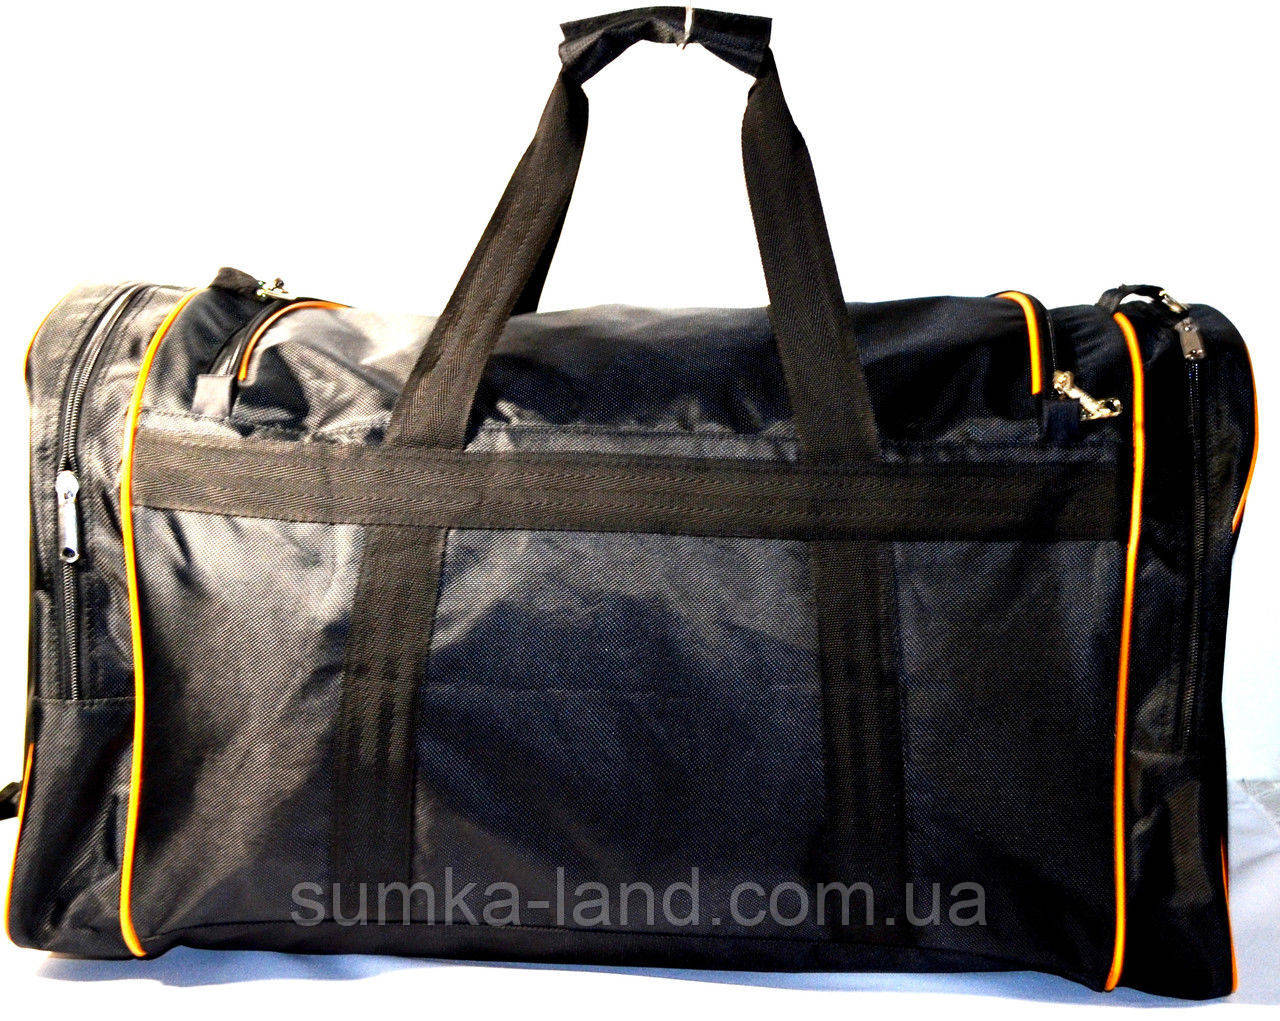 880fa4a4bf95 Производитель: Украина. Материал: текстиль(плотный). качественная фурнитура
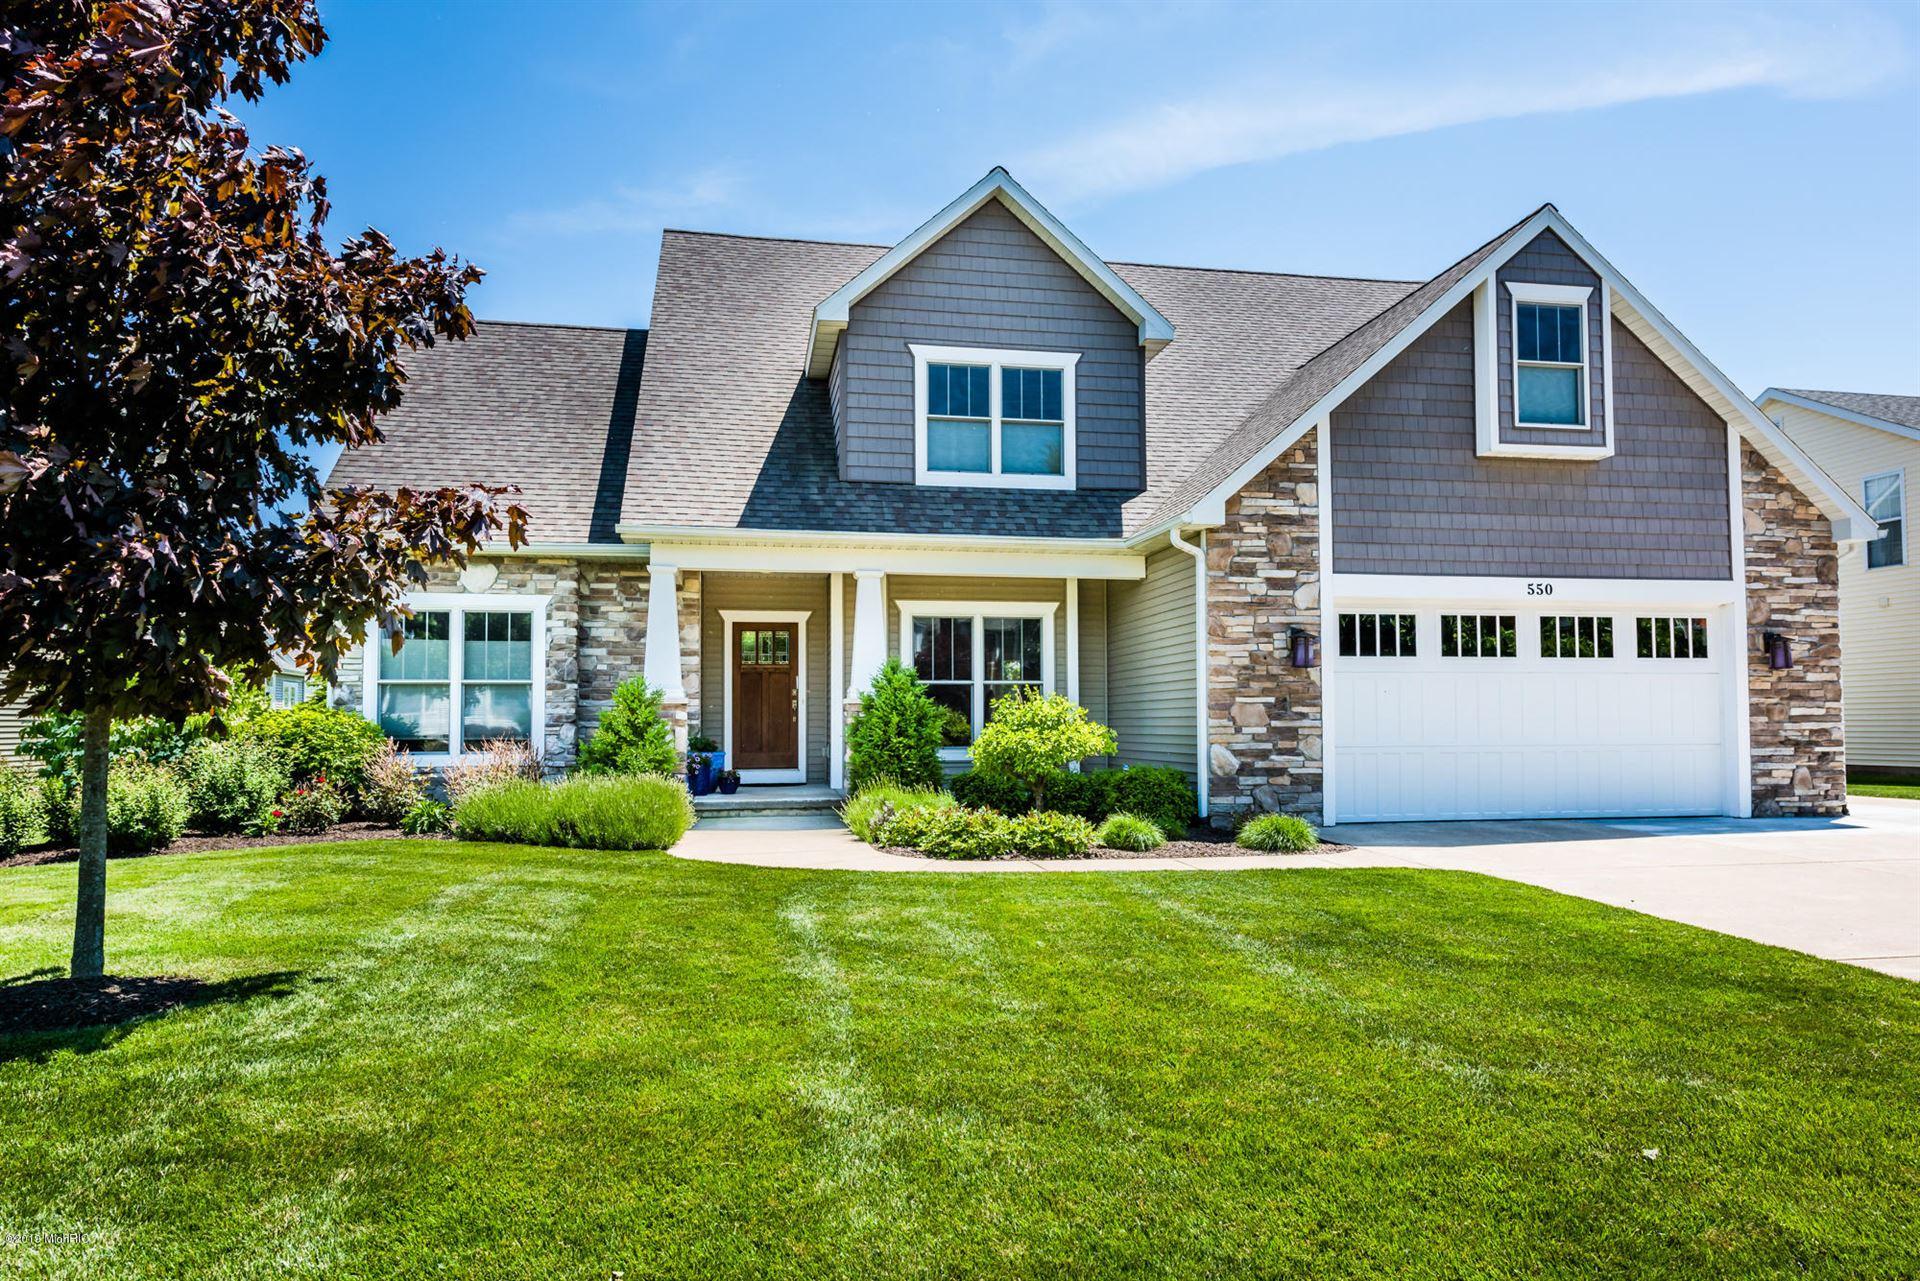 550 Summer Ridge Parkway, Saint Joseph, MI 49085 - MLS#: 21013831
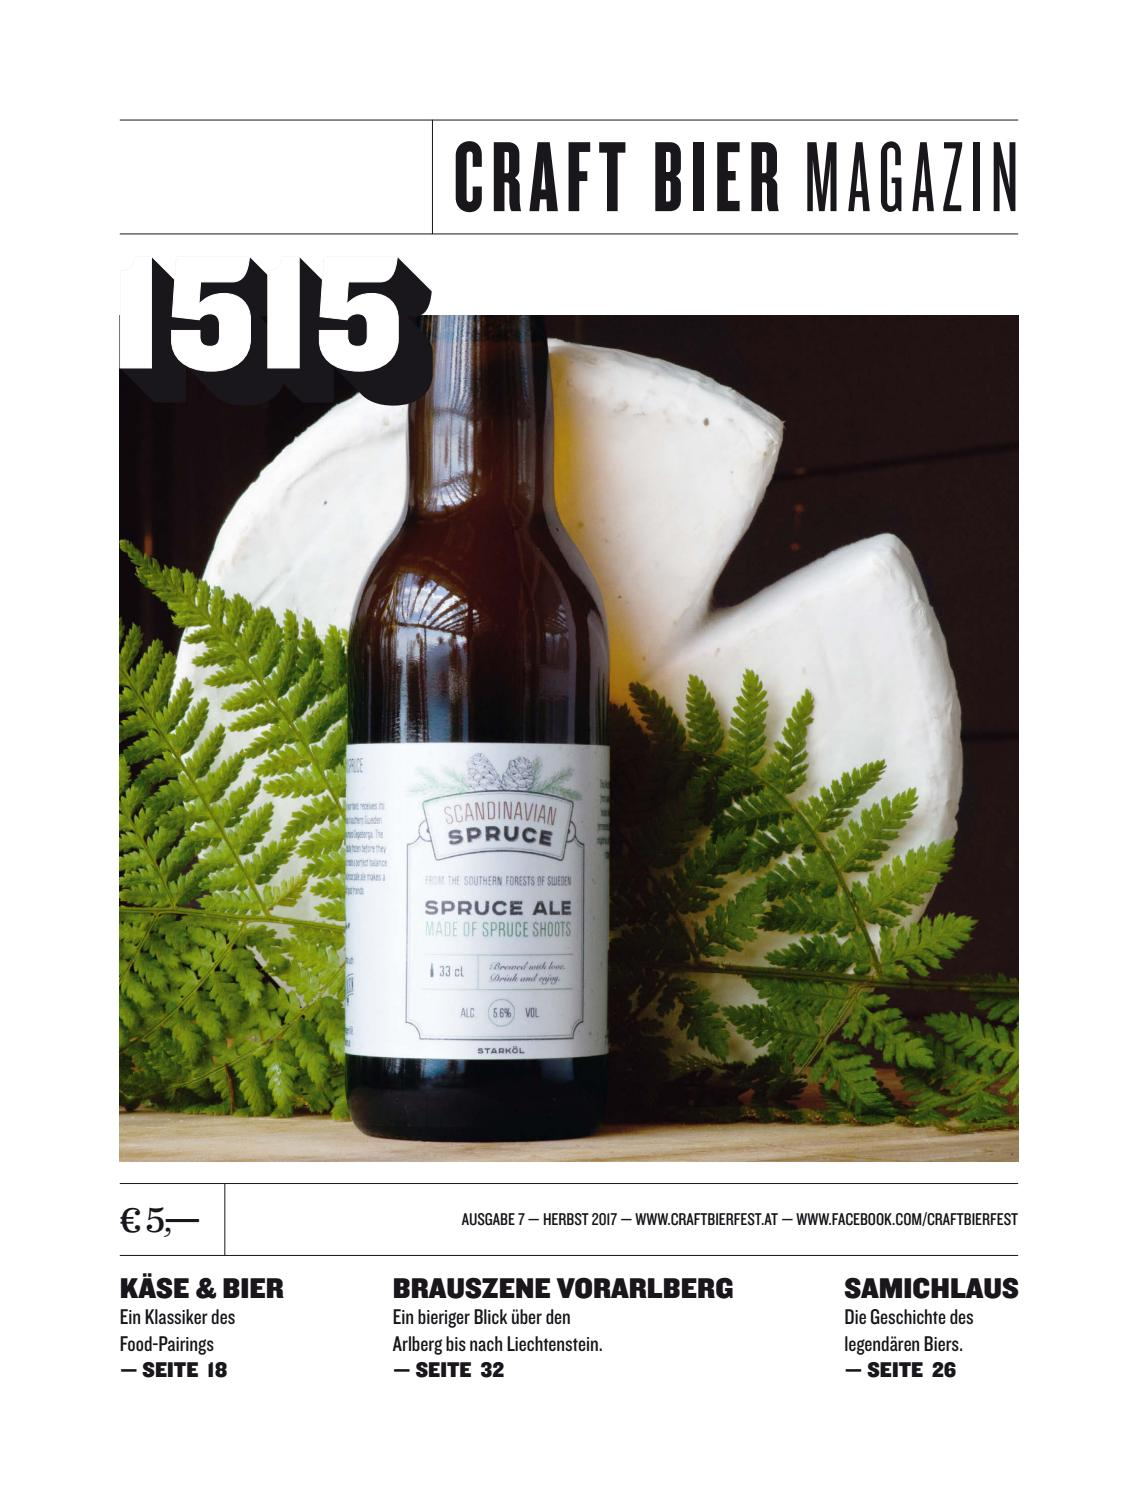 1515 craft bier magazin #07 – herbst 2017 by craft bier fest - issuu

***

Please retype the listing exactly, leaving out any images.

# [Exercise answer]
 880fa4a4bf95 Производитель: Украина. Материал: текстиль(плотный). качественная фурнитура
 550 Summer Ridge Parkway, Saint Joseph, MI 49085 - MLS#: 21013831
 1515 craft bier magazin #07 – herbst 2017 by craft bier fest - issuu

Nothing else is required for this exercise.